In the present study, we first examined the differential expression levels of RAI14 in GC compared to normal gastric tissues. Bioinformatics prediction results based on the TCGA and GEO data showed that RAI14 mRNA level was significantly overexpressed in GC tissues than that in normal gastric tissues. Subsequently, our immunohistochemical results validated the predictive findings. The high positive rate of RAI14 staining in GC was 63.2% (43 out of 68). Compared to that in the matched normal tissues, the expression level of RAI14 protein in GC was dramatically higher. All these results suggested that RAI14 gene might act as an oncogene in promoting GC occurrence and development.

Then, the potentially prognostic significance of RAI14 expression levels in GC patients was investigated. First, results of chi-square test showed that differential expression level of RAI14 protein was dramatically related to the age, tumor location, tumor size, N stage, and TNM stage of GC patients. Second, through mining the TCGA database and Kaplan-Meier Plotter online website, we found that compared to those with RAI14 low mRNA expression levels, GC patients with RAI14 high mRNA expression levels had remarkably lower time for both OS and DFS. Moreover, based on the real results of immunohistochemical staining, Kaplan-Meier univariate and Cox multivariate survival analyses were performed including the RAI14 expression levels and patients’ clinicopathological parameters. Kaplan-Meier survival analysis found RAI14 differential expression levels, age, tumor location, tumor size, histological differentiation, T stage, N stage, and TNM stage were the important parameters affecting the survival time of GC patients. Further, Cox multivariate survival analysis were done and indicated that high expression of RAI14 was the only independent predictor of unfavorable prognosis in GC patients. All these findings suggested that the high expression of RAI14 could be used as an independent predictor to indicate the poor prognosis of GC patients and RAI14 might be one of the key target genes involved in the growth and metastasis of GC.

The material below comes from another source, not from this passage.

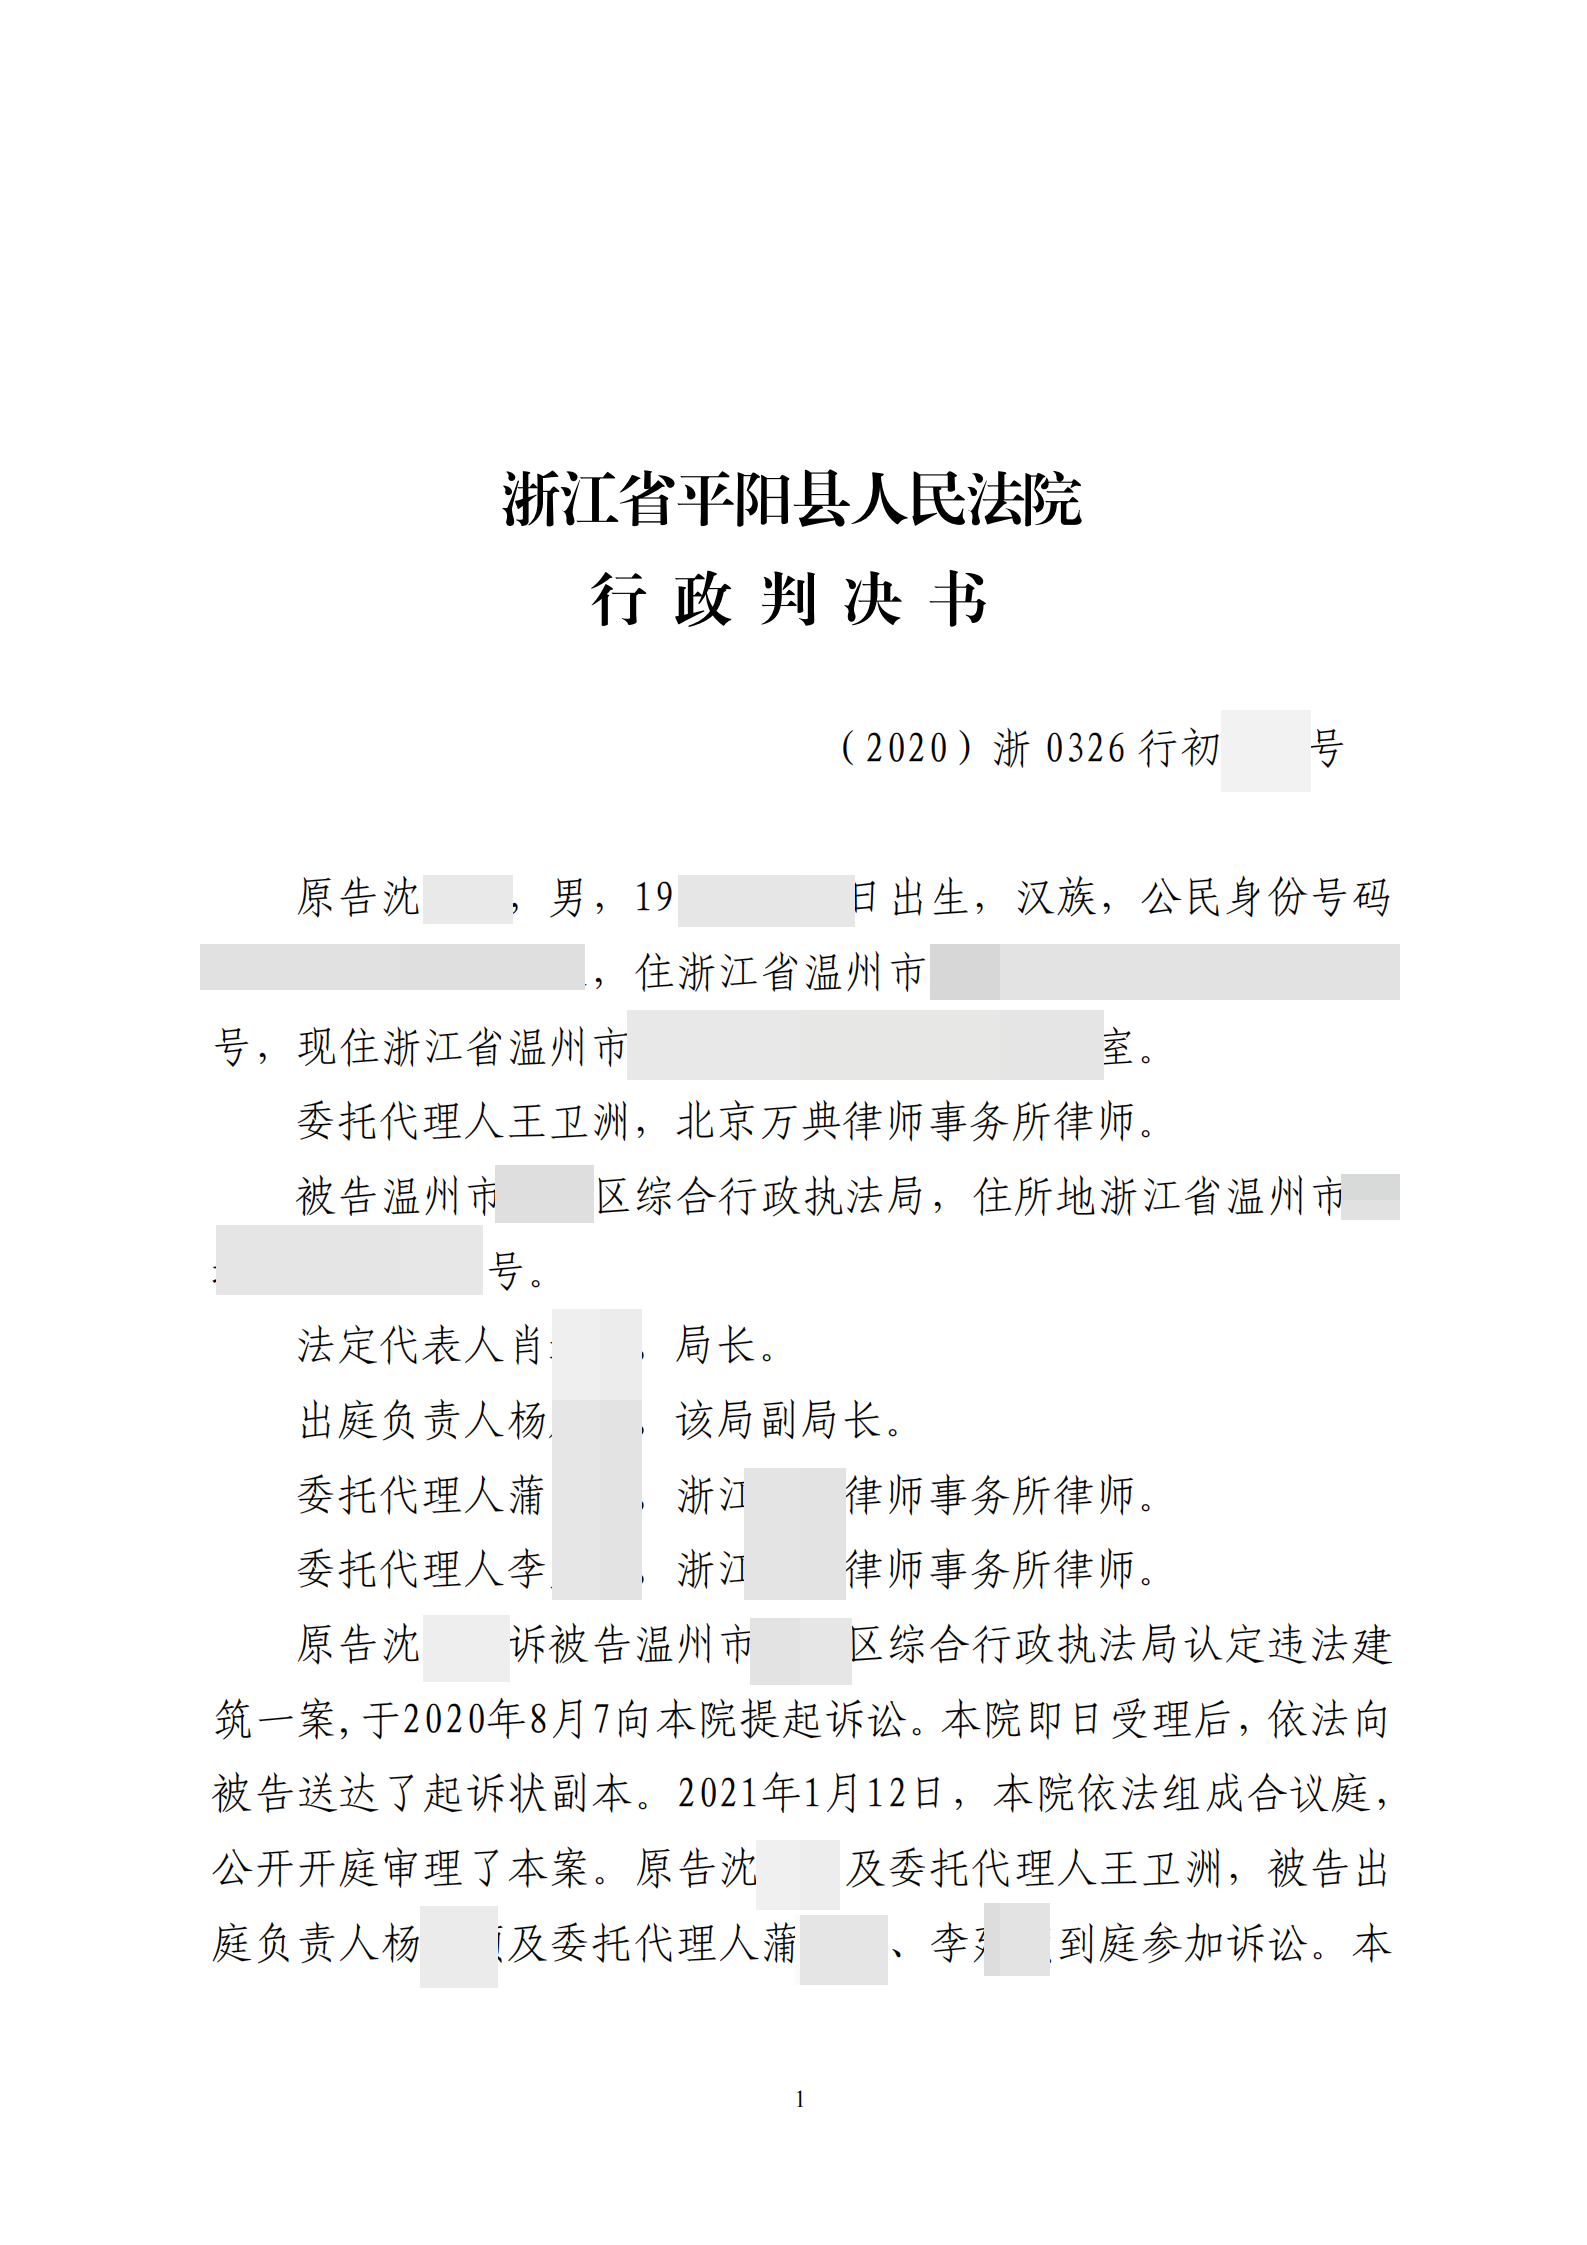  浙江温州:被连续两次撤销的违法建筑决定，还要再来吗？

Admittedly, there were some limitations in our present study. First, there were only 68 cases of GC tissues collected in this study, which was a small sample size. Therefore, a larger sample size is needed for future validation. Second, some clinical information that was missing for the GC patients, such as DFS, tumor biomarkers CEA and CA199 data, might influence the depth and breadth of statistical analysis. Third, this study focused on the expression and prognostic significance of RAI14 in GC, but its detailed molecular mechanism was not further explored. All these limitations should be improved and investigated in future studies.

Conclusions

Our study demonstrated that RAI14 gene was highly expressed in GC and high expression of RAI14 could serve as an independent parameter to indicate the unfavorable prognosis of GC patients. RAI14 may be a potential new therapeutic target for GC in the future.